I start off each day every morning by jogging/running (between jogging and running) for 15-20 minutes in the park across my house. Then, I go inside, and do a 20 minute yoga rountine. Then, I meditate for like 20 minutes. Afterwards, I feel extremely great. Full of energy, full of serenity, full of feeling extremely good. I then eat a healthy breakfast, check email, etc and get ready. Then I go to school.

Then I push myself to talk to people. First day, I saw a female in my class really early and decide to talk to her. Felt initial anxiety, but went on to talk to her. We then talked for an hour. I affected her by telling that I like volunteering in society and then one time later, I met her again, and she was thinking to maybe volunteer in society too. Even though she didn't persue it, I know that she was affected by my values.

So I'm chit chatting with everyone near me where I sit. Then later I feel closer to people. One female offered me coffee a couple of times. I also offered her help with her math homework. Later on she called me smart. Another female offered me a cookie as I always greet her a "How are you?" everytime she arrives early, and being curious and interested in her day and life. I also helped her study a bit for last midterm exam. Another female told me that she was impressed with my career path. She also told me that I'm smart. When we were in the museum (I was taking a couple of Art History classes) she's always coming up to me. At times we both shared little personal feelings. I was attracted to her the most. I saw her in the library computer lab. I passed by her and knocked loud on her chair to say a Hi and she greeted me with a surprised Hi. Another female knocked on my shoe while it was on my knee to get attention after I asked her a question about something of the class. She also came up to be to ask some help over one of our midterm exams. Another female who I barely talk to, gave me a couple of smiles. 

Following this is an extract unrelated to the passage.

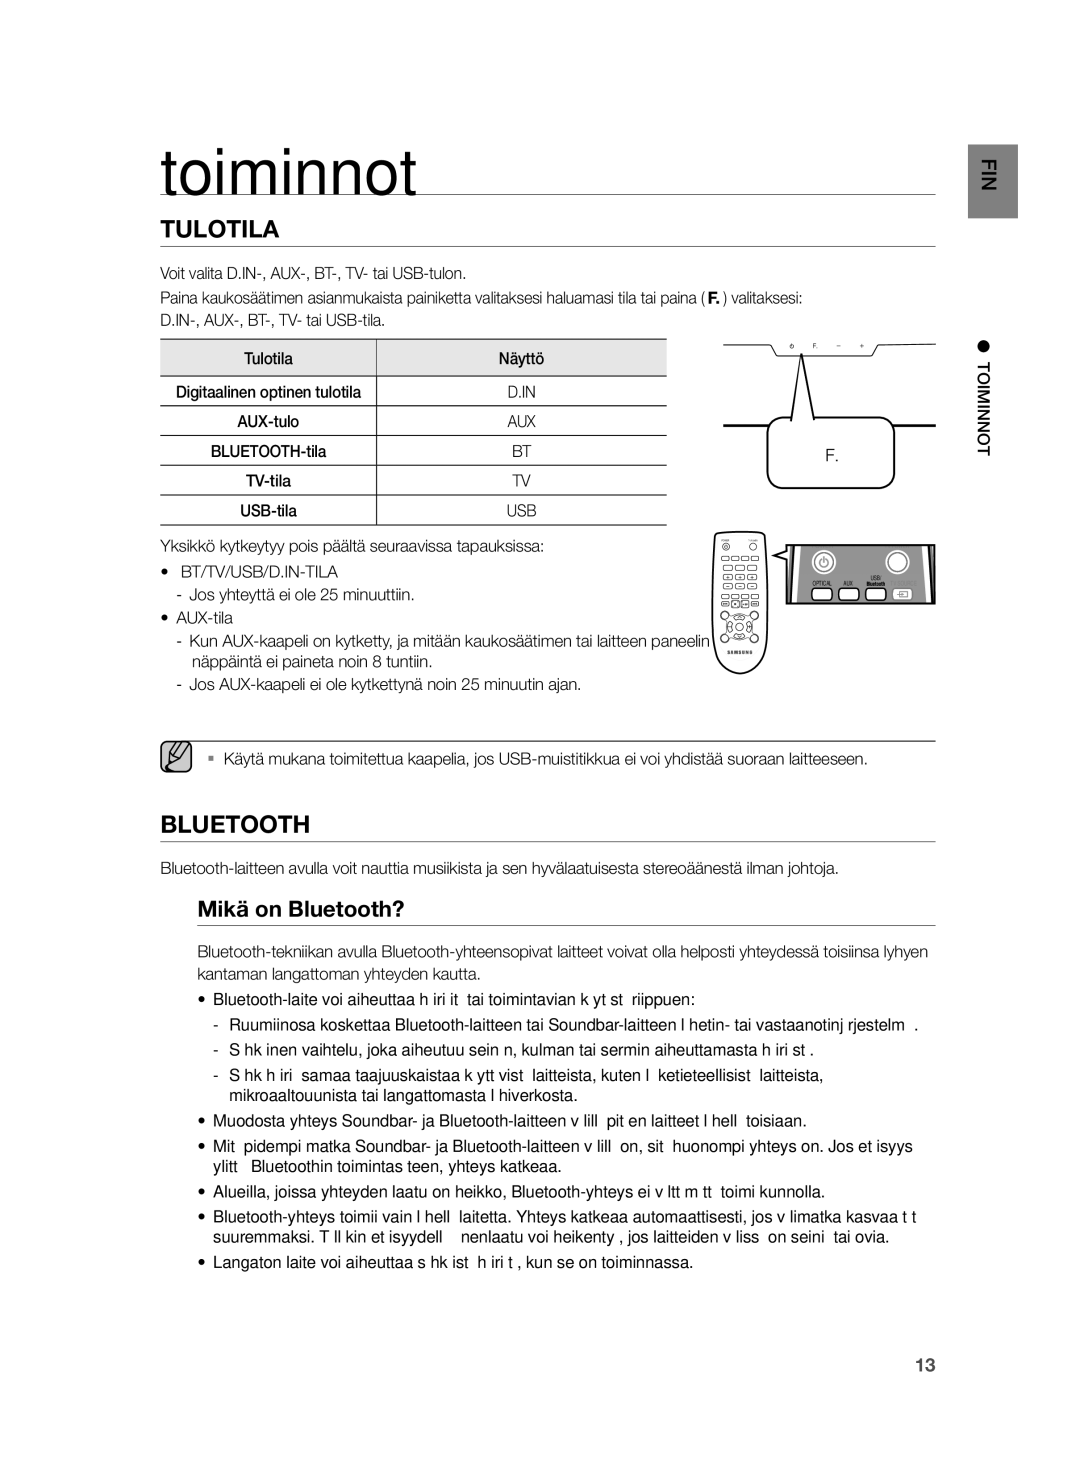 Samsung HW-H355/XE manual Toiminnot, Mikä on Bluetooth?, Bt/Tv/Usb/D.In-Tila

Besides females, guys also found me attractive as a classmate. One guy that I talked to was interested in sports, and so we would have discussions on everything on sports. He would also sometimes walk with me while I was going to my bus stop as he walks from school to home. He also disclosed a couple of personal discussions. He also comes to me when we were in the museum. Another guy who was in our discussion group also seems to like me too as well. He also shared a couple of personal items to me. He sometimes would greet me with a two thumbs up when I greet him. Also just minor interactions with my other classmates. I've given 8 people a chance. Far more than any of my previous semesters in just two classes. I'm doing something right. I'm extremely liked by my peers. It's crazy. I can't believe it. It feels extremely good. Even though I didn't make a friend, I do feel the potential of that becoming a real reality. 

I hope my experience this time around transfers in the Fall. Yes? I can feel friendship. It's definitely going to happen. 

:boogie


----------



## ardrum (May 13, 2007)

Absolutely AWESOME, man!! Great job for getting out there and changing your behavior!!!


----------



## ShyFX (Mar 6, 2006)

Yeah, that's awesome Gerard! :boogie I'm glad things have changed for you so much. I really want to start working out everyday too. I think it will help.


----------



## barnabas (Apr 24, 2007)

*re: My most social semester was this last summer semester!!!*

:hs


----------



## GaSS PaNiCC (Mar 27, 2007)

*re: My most social semester was this last summer semester!!!*

go gettttttttttttttem tiger. MUAHAHAHAHAHA :banana


----------



## prettyful (Mar 14, 2013)

Same for me. My spring/summer semester I made a close group of friends and I loved it and miss it so much.


----------